Joovvhan commented 4 years ago

Thanks, I will try that and update my demo page.

BTW, I applied G2PK, Korean grapheme to phoneme conversion package, and improved the quality of the GlowTTS.

GlowTTS without G2PK GlowTTS with G2PK

Did your FS2 also use such a module to convert grapheme to phoneme?

I wonder FS2 can also be improved using the G2PK module.

dathudeptrai commented 4 years ago

Thanks, I will try that and update my demo page.

BTW, I applied G2PK, Korean grapheme to phoneme conversion package, and improved the quality of the GlowTTS.
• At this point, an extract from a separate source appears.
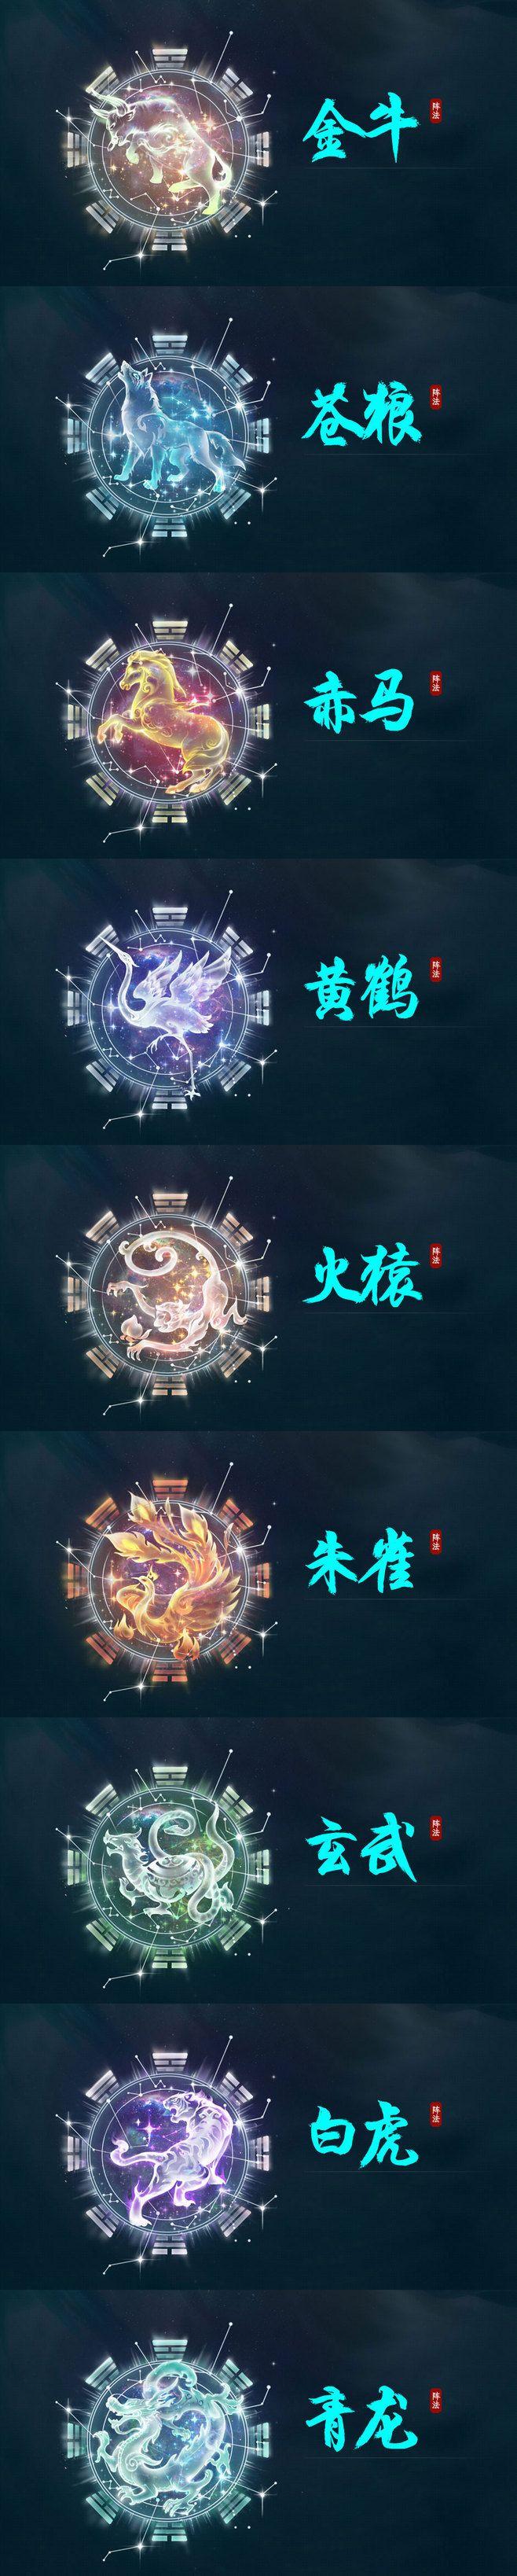 星阵降临-全新地煞星系统玩法专题-新大话...
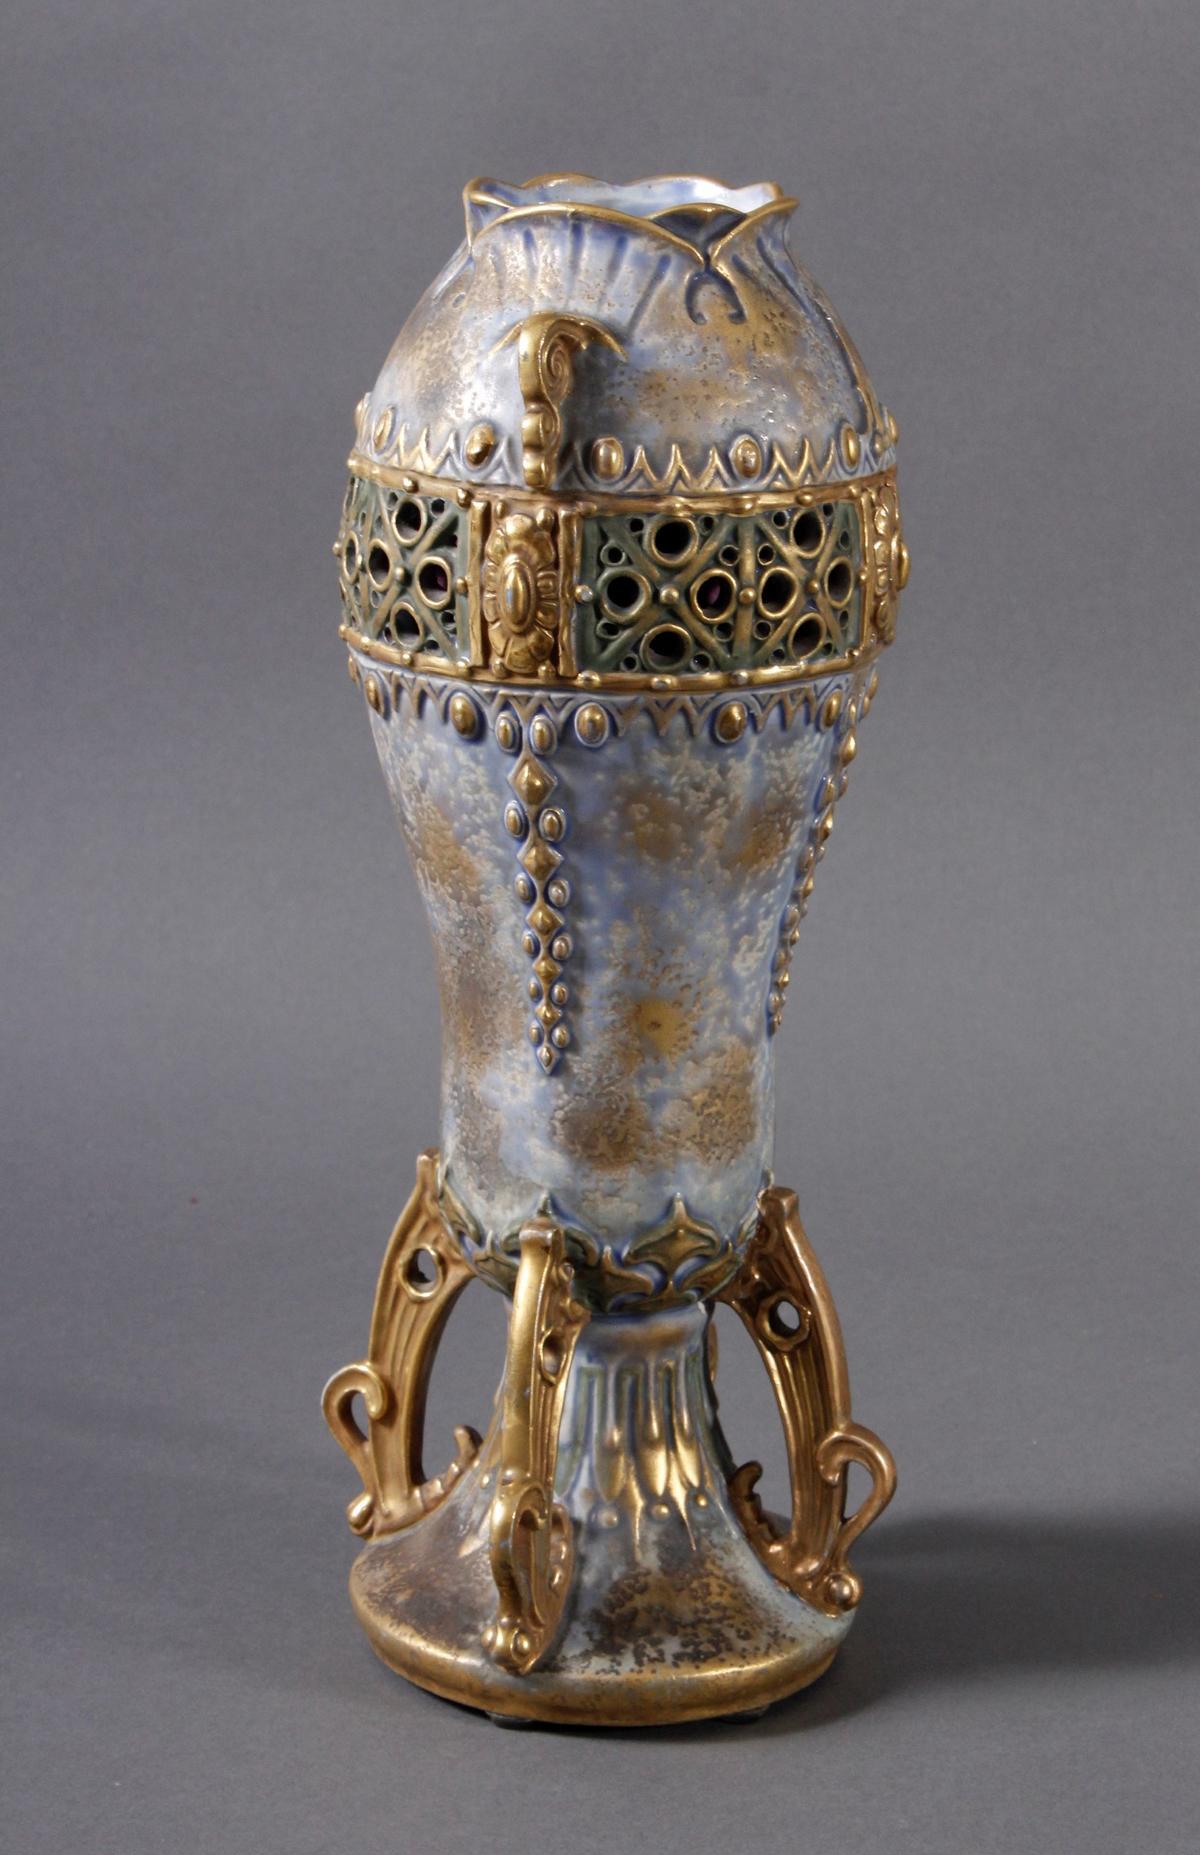 Jugendstil Keramikvase Amphora Austria

GlowTTS without G2PK GlowTTS with G2PK

Did your FS2 also use such a module to convert grapheme to phoneme?

I wonder FS2 can also be improved using the G2PK module.

Thank you for ur infomation. I can't understand the korean language so i can't support more :D. The korean model here is supported by @crux153 :))). I appreciate if someone can make a pull request to improve a base model :D

Joovvhan commented 4 years ago

Thanks, I will try that and update my demo page. BTW, I applied G2PK, Korean grapheme to phoneme conversion package, and improved the quality of the GlowTTS. GlowTTS without G2PK GlowTTS with G2PK Did your FS2 also use such a module to convert grapheme to phoneme? I wonder FS2 can also be improved using the G2PK module.
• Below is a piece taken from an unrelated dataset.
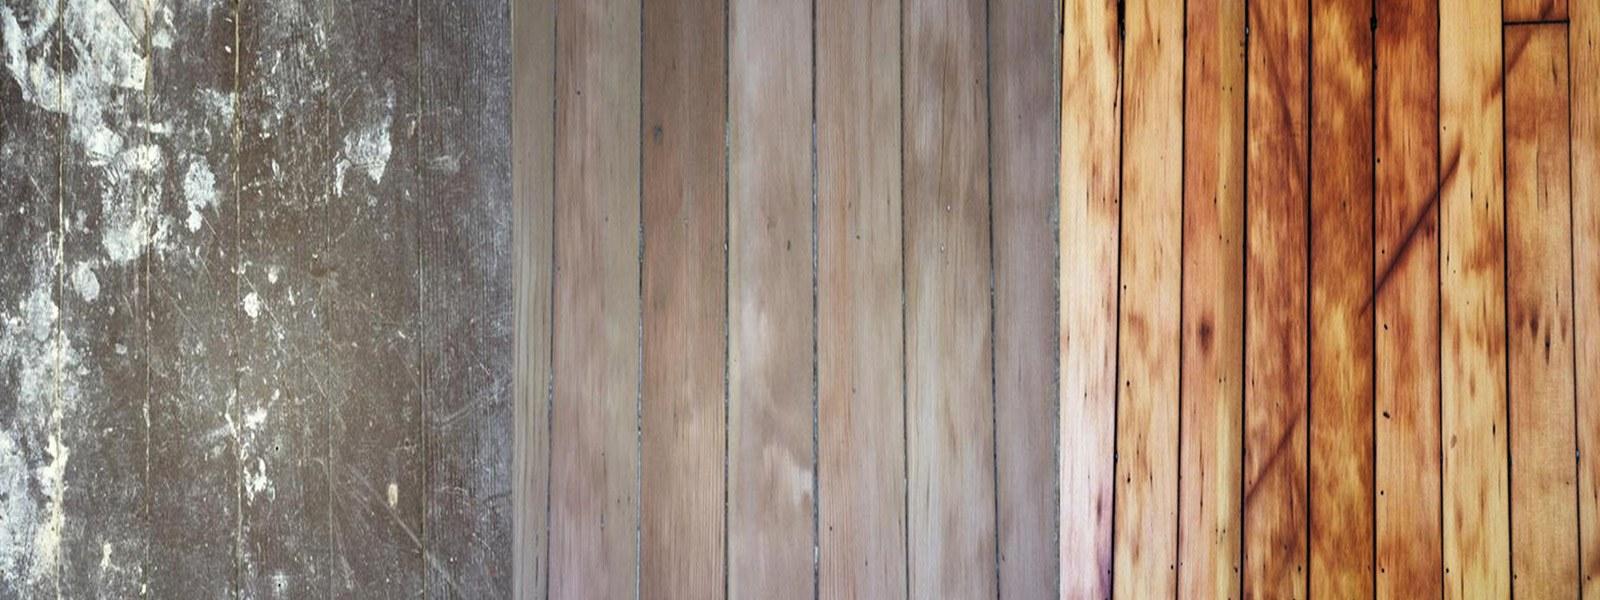 Repair And Restore Calhoun And Sons Hardwood Flooring

Thank you for ur infomation. I can't understand the korean language so i can't support more :D. The korean model here is supported by @crux153 :))). I appreciate if someone can make a pull request to improve a base model :D

Thanks for the quick reply.

I will look through your source code and ask @crux153 by myself.

Thanks!

crux153 commented 4 years ago

@Joovvhan It won't take too long to apply G2PK or other Korean G2P module to this package. Actually I also thought about applying it, but since I'm using the trained model in C++ and that requires porting the G2P module itself to C++, which might take a while.
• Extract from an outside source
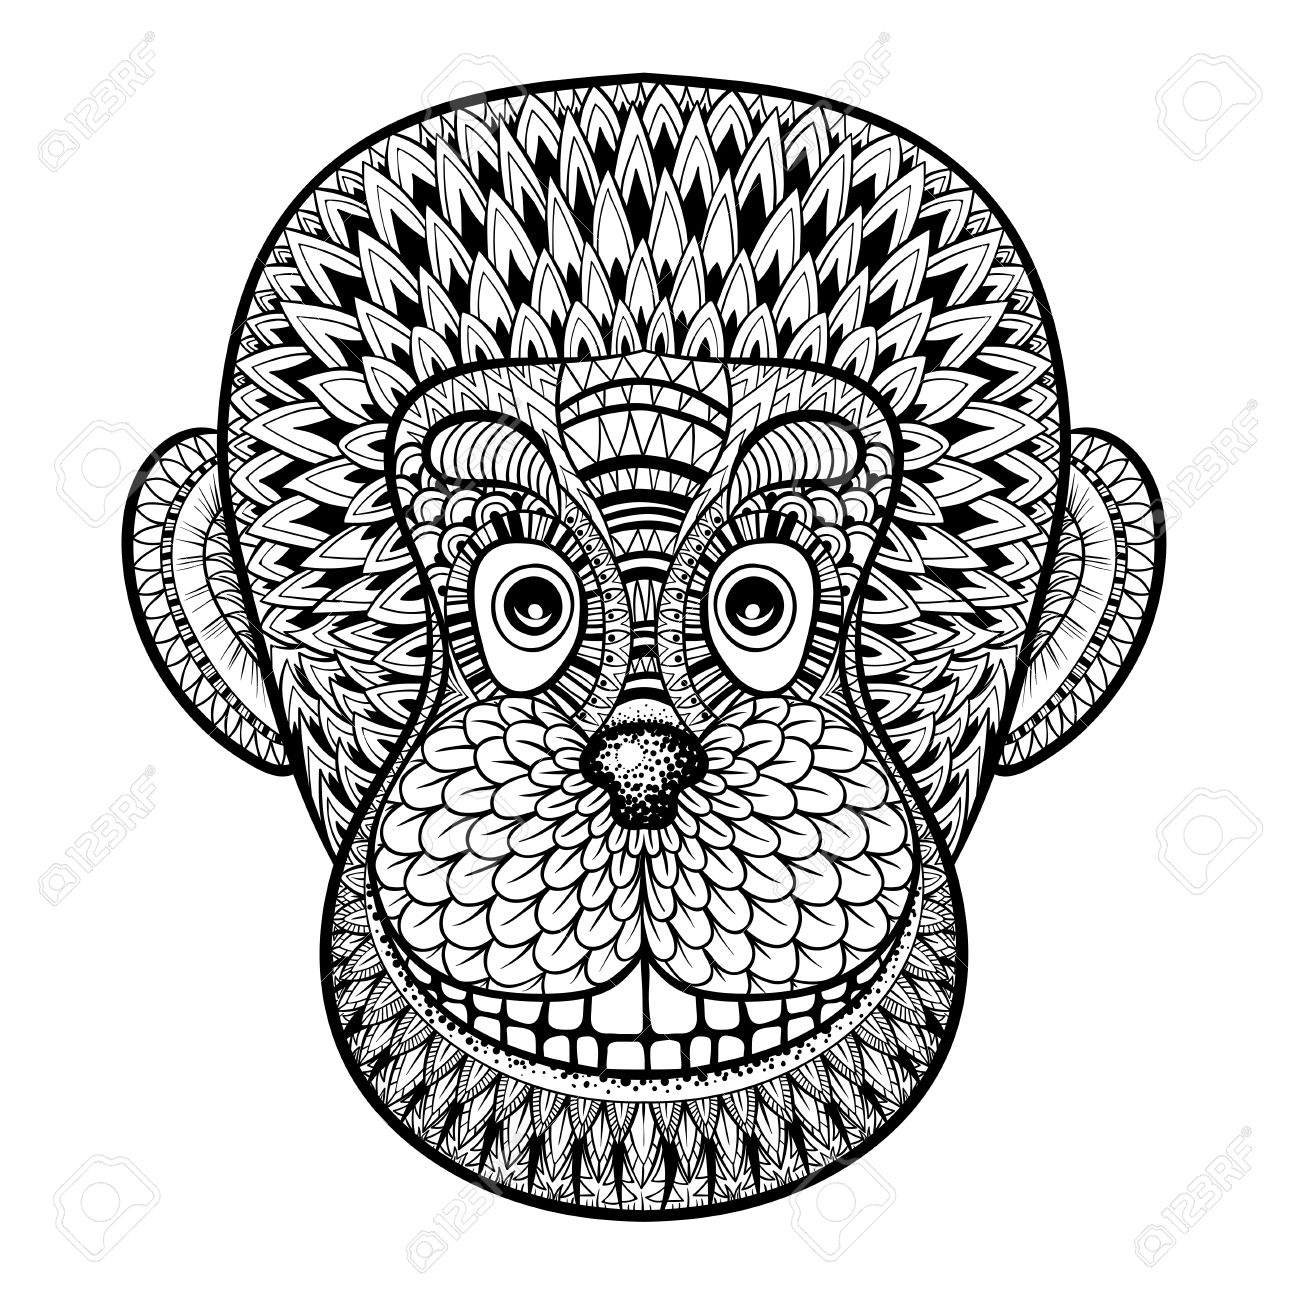 Dibujos Para Colorear Con Cabeza De Mono, Gorila, Ilustración ...

I'm satisfied with current quality of FS2 model except that it fails to synthesize long samples, and I'm trying to fix in #208. Maybe training using phoneme might help fixing this.

https://github.com/HGU-DLLAB/Korean-FastSpeech2-Pytorch

I found another FS2 implementation for Korean. Take a look if you haven't. It is trained with KSS using phoneme, and uses MFA to extract durations (instead of Tacotron2). Audio samples are glitchy, but I think WaveGlow vocoder is responsible for this, not FS2 itself. Downloading the trained model and feeding our MB-MelGAN model with mels from it will verify this, but I didn't have much time to do so :(

Please share your progress if you've got any :D

ZDisket commented 4 years ago

@crux153

but since I'm using the trained model in C++ and that requires porting the G2P module itself to C++, which might take a while.

Perhaps you should consider Phonetisaurus, which the current C++ example here already uses for G2P. It's even compatible with pretrained G2P models in Montreal Forced Aligner's page (just did for Spanish).

stale[bot] commented 3 years ago

This issue has been automatically marked as stale because it has not had recent activity. It will be closed if no further activity occurs.